*** Opening Data ***
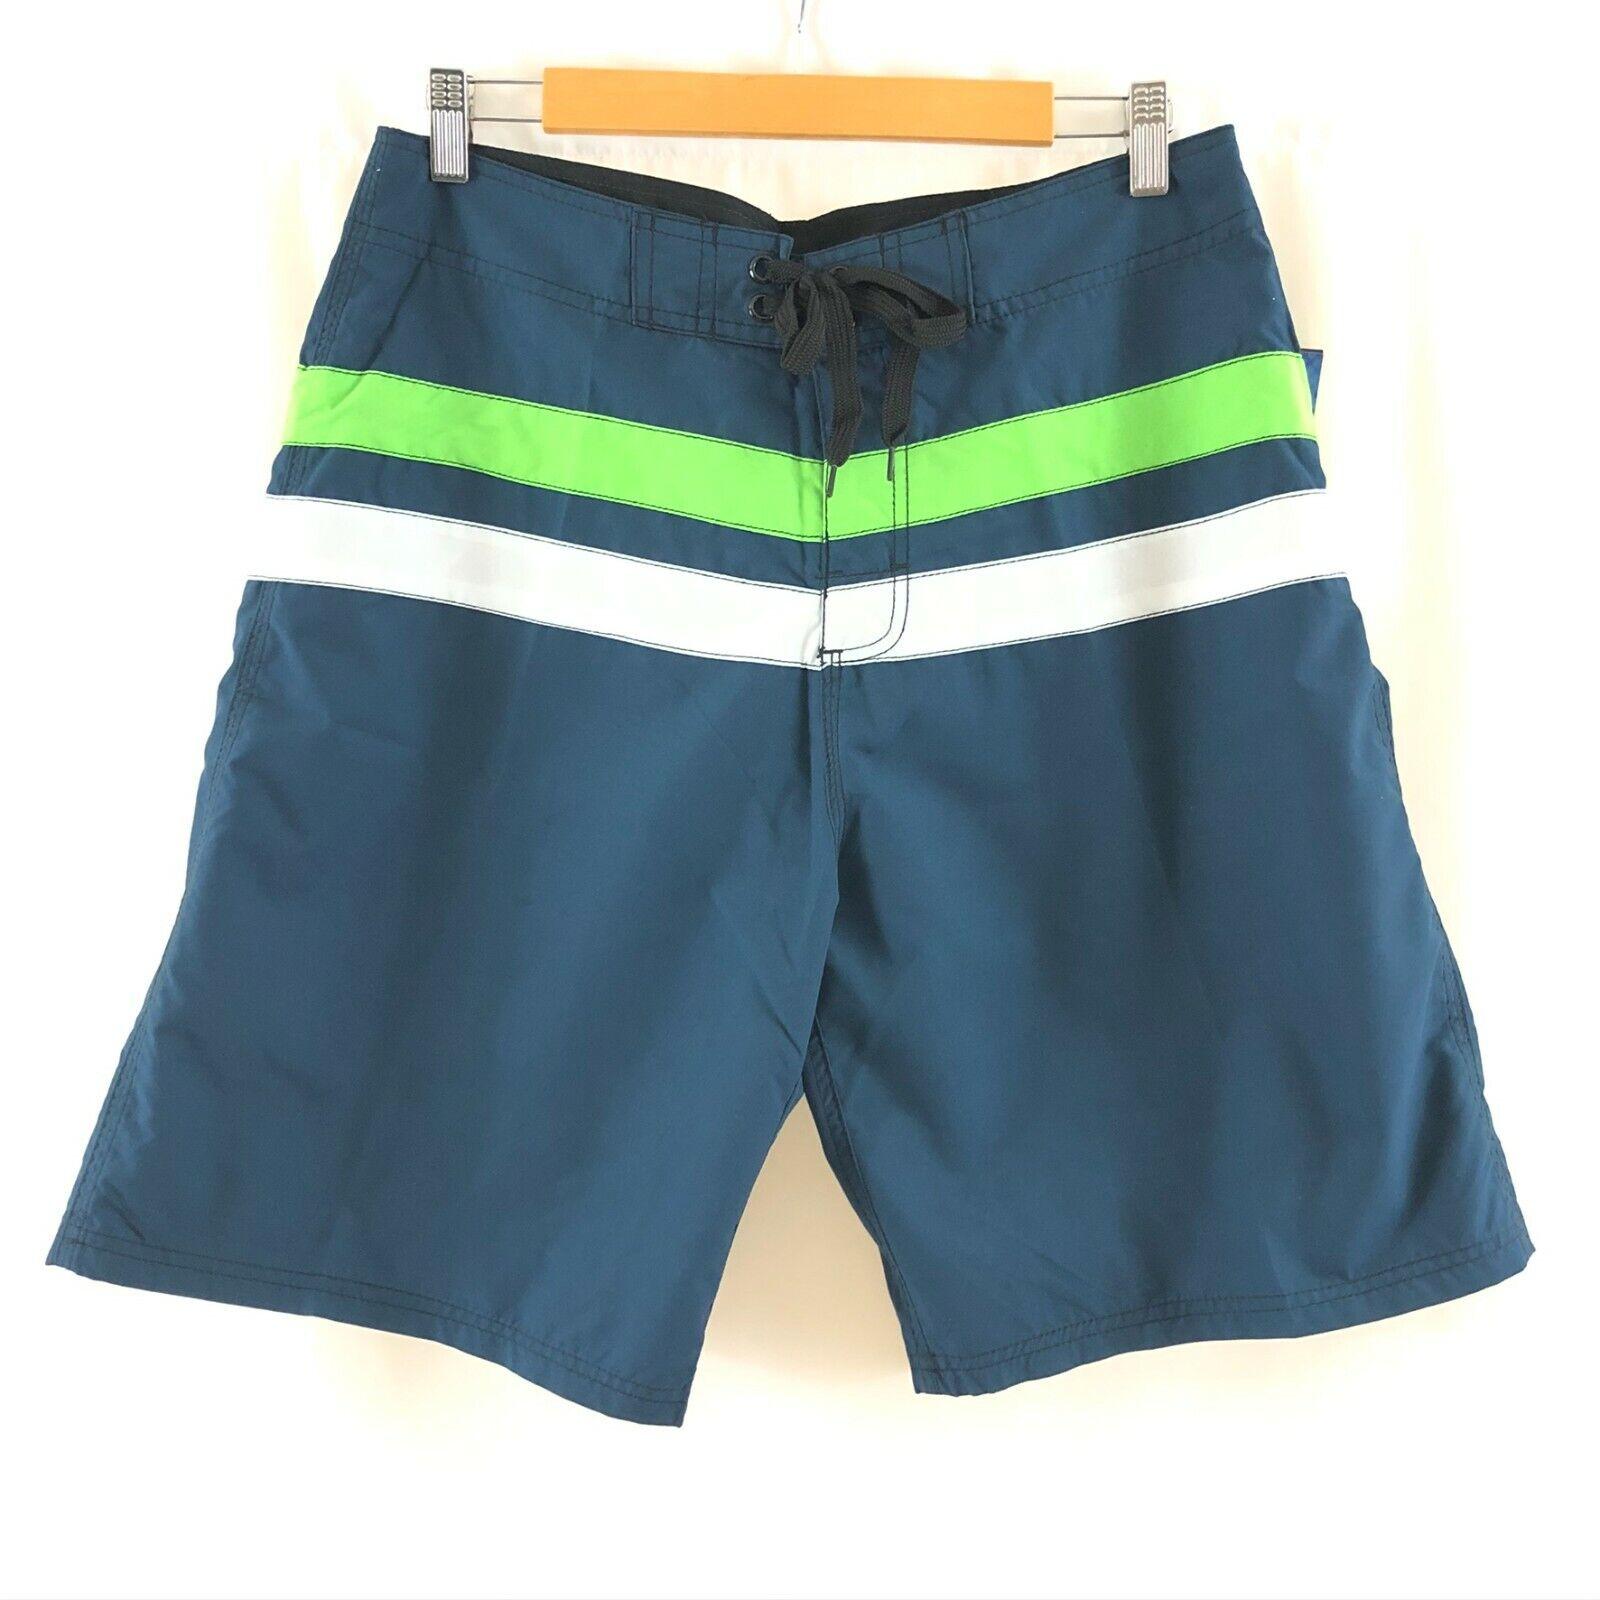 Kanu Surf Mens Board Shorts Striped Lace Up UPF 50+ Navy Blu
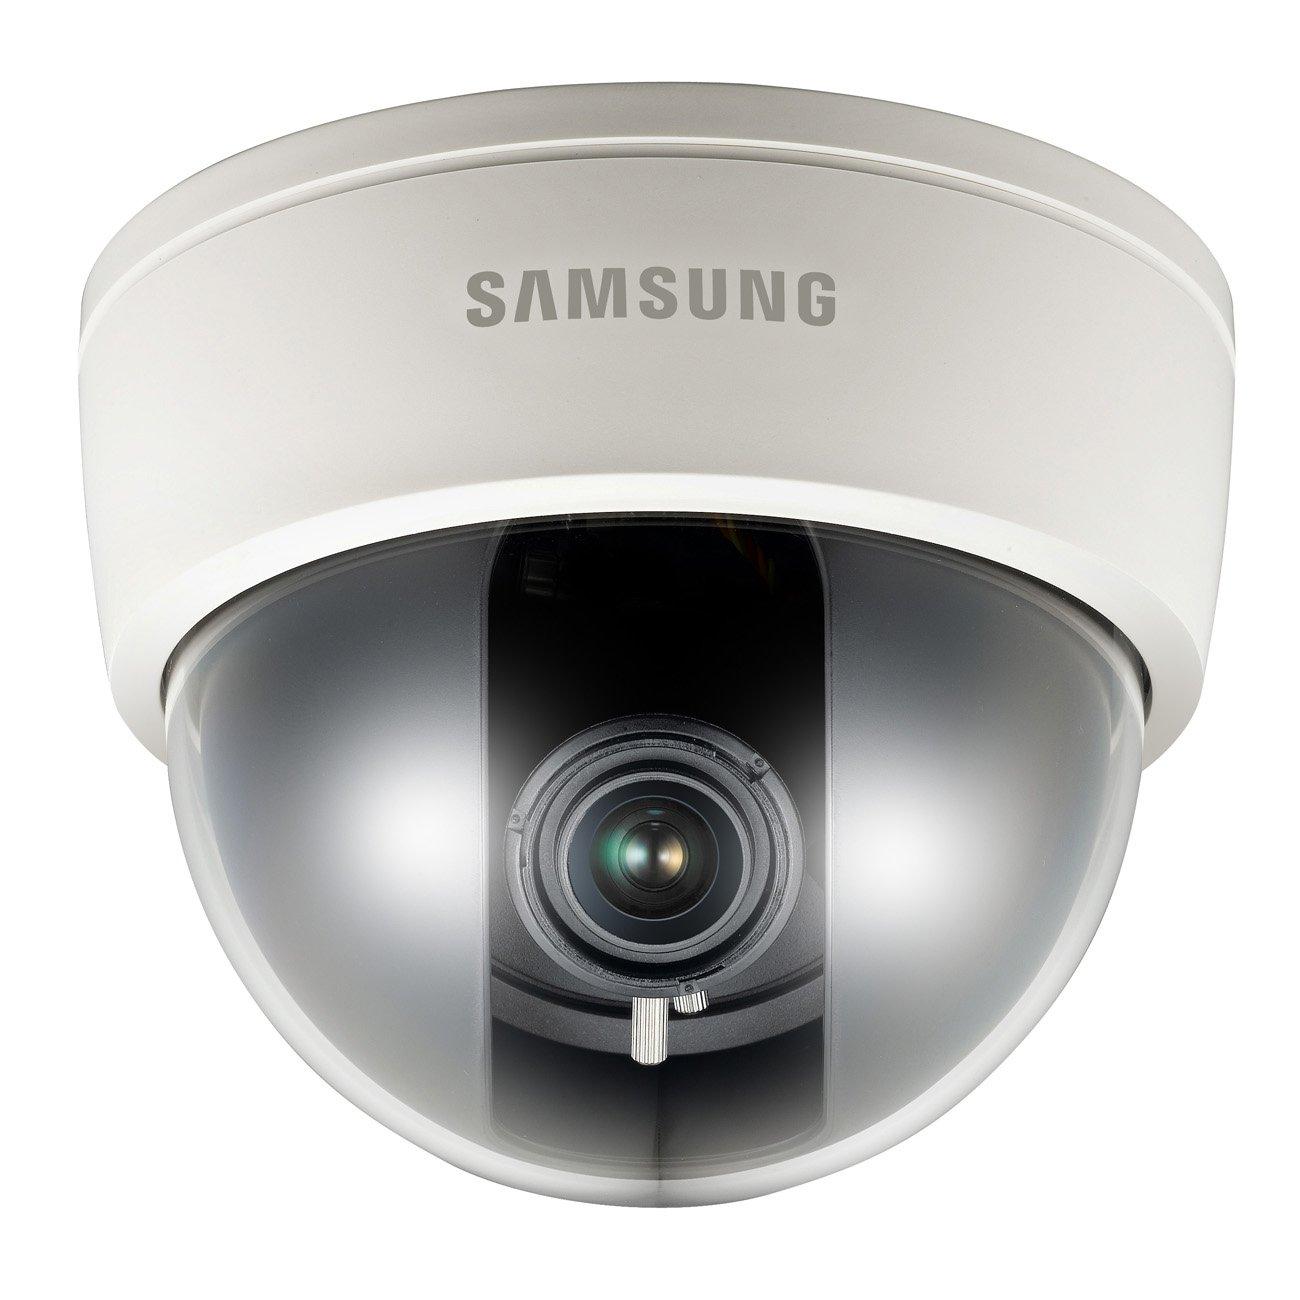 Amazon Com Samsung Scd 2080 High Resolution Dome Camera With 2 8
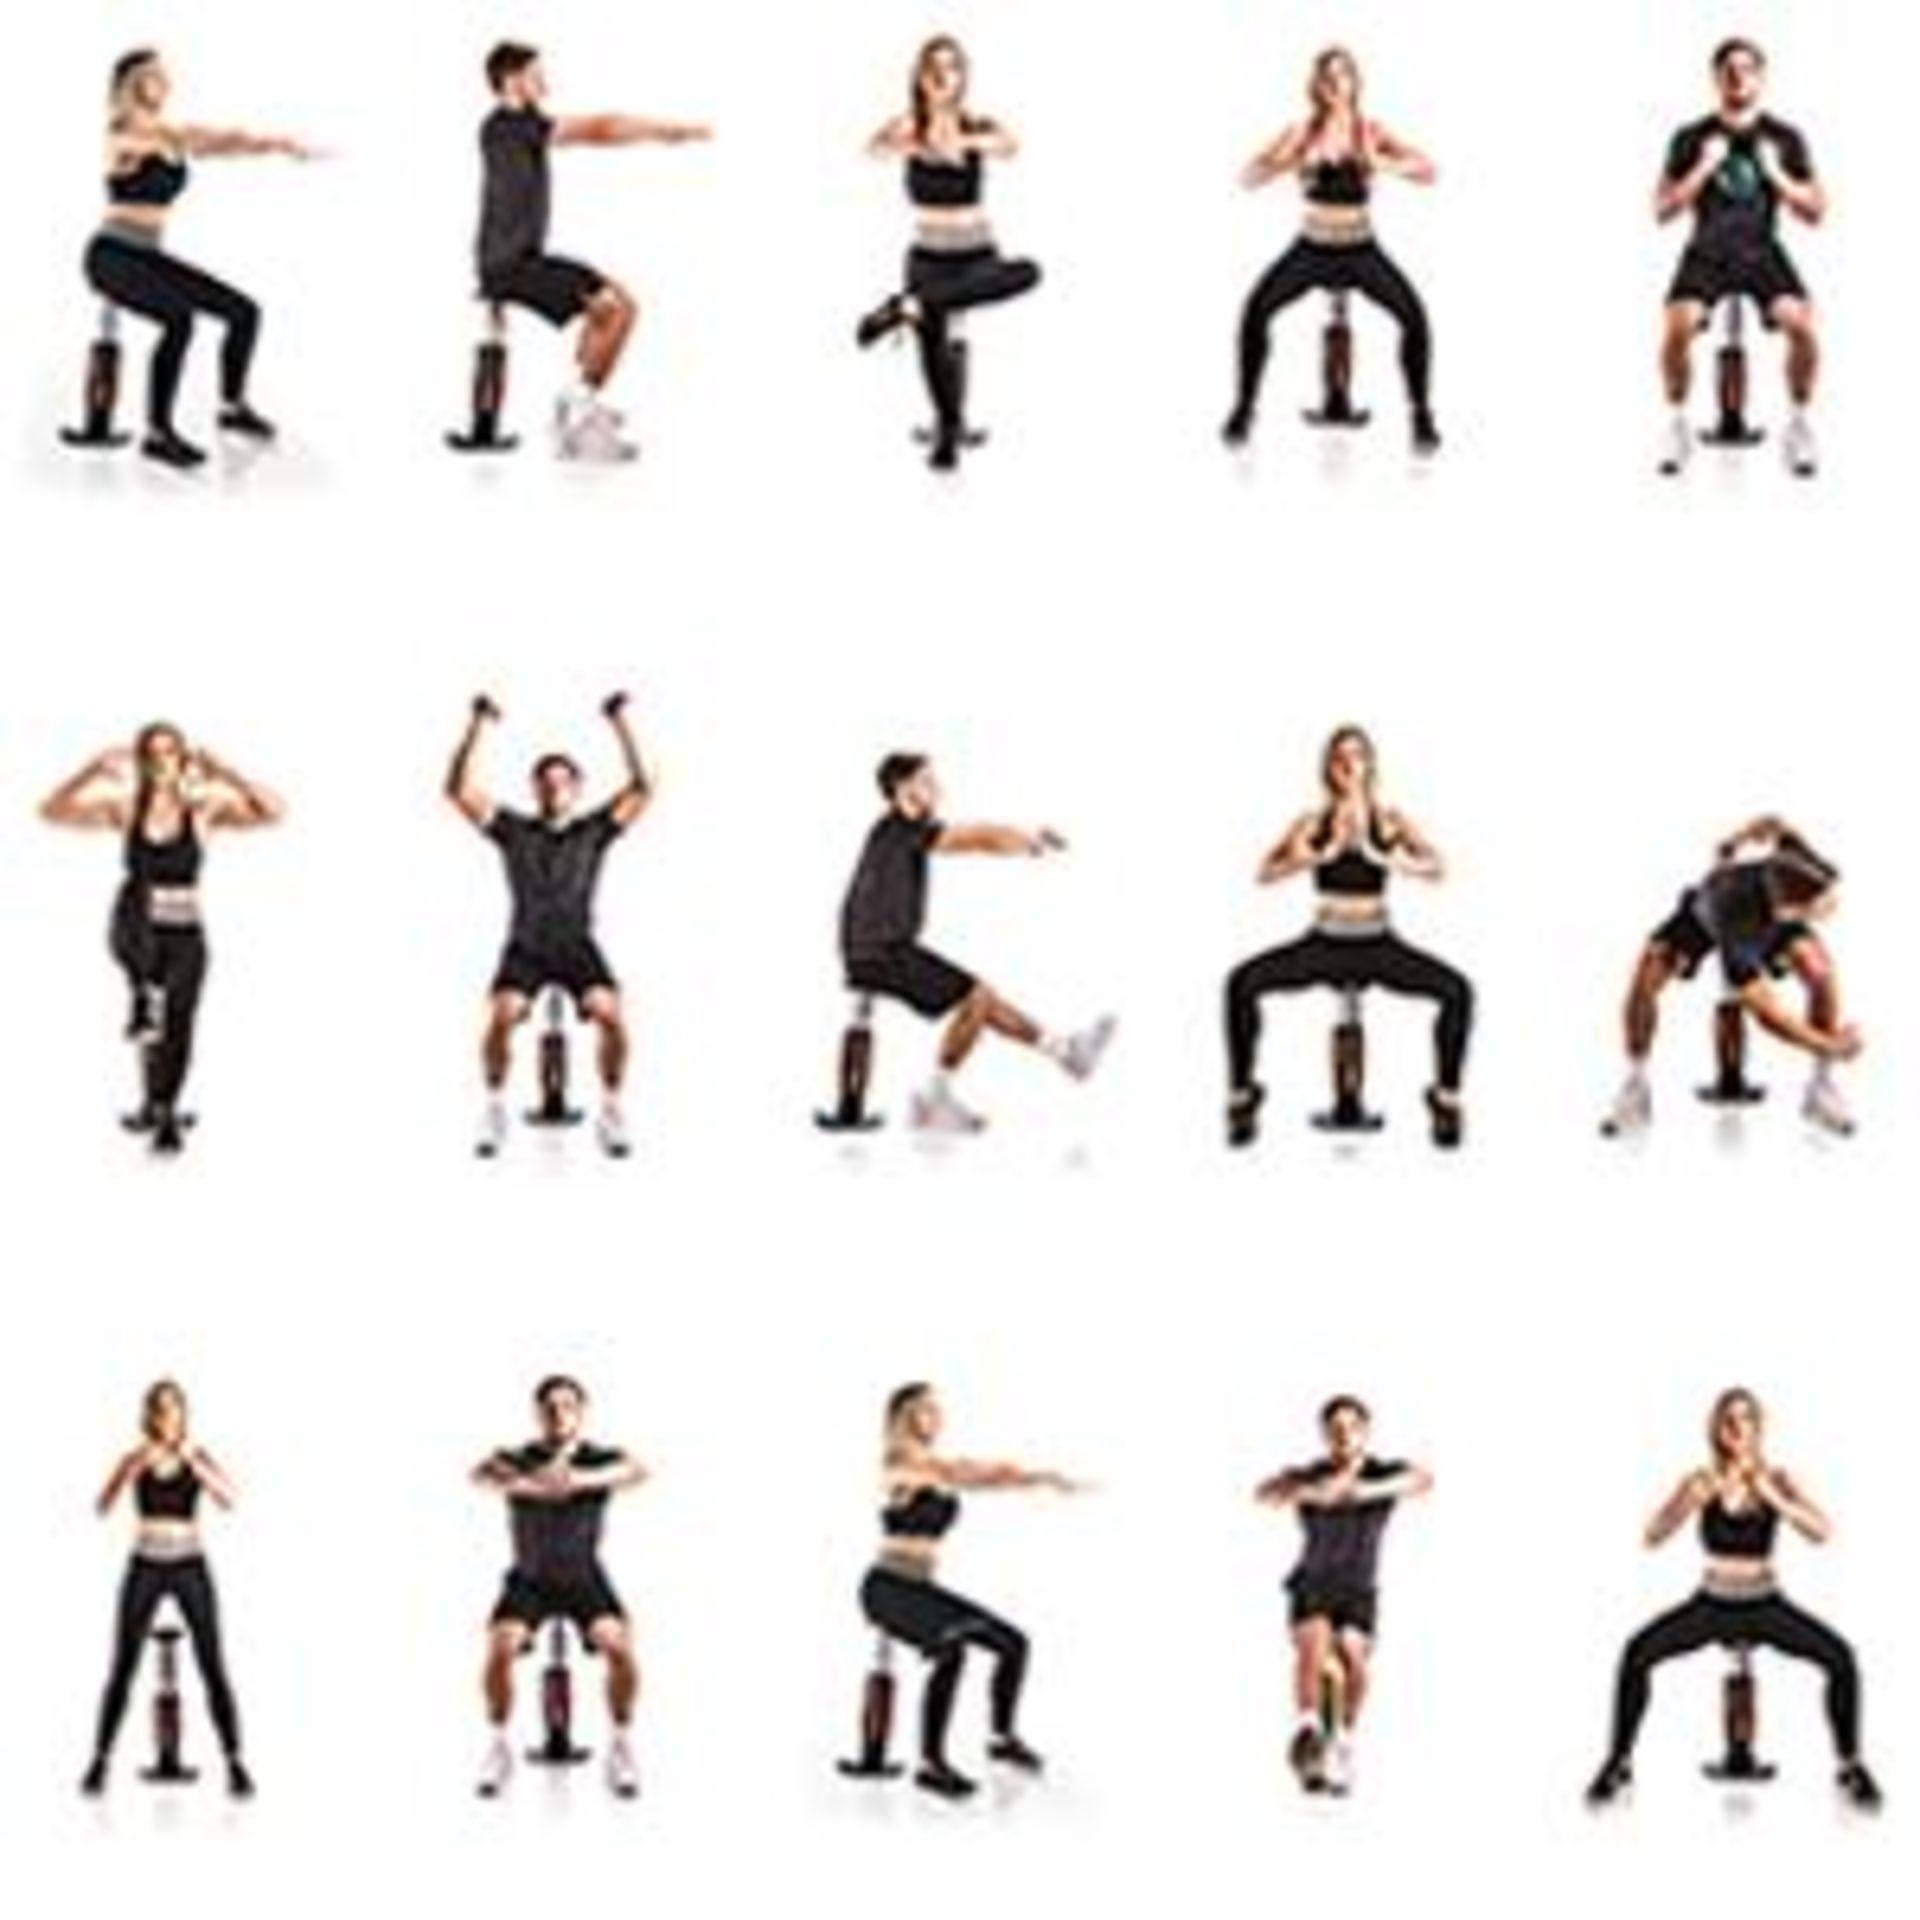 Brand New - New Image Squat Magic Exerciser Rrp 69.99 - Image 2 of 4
*** Closing Data ***
● **Problem to work on**: Omitting the pictures, write out the material above exactly as it stands.

● **Result for this task**:
 Kanu Surf Mens Board Shorts Striped Lace Up UPF 50+ Navy Blu
 Amazon Com Samsung Scd 2080 High Resolution Dome Camera With 2 8
 Brand New - New Image Squat Magic Exerciser Rrp 69.99 - Image 2 of 4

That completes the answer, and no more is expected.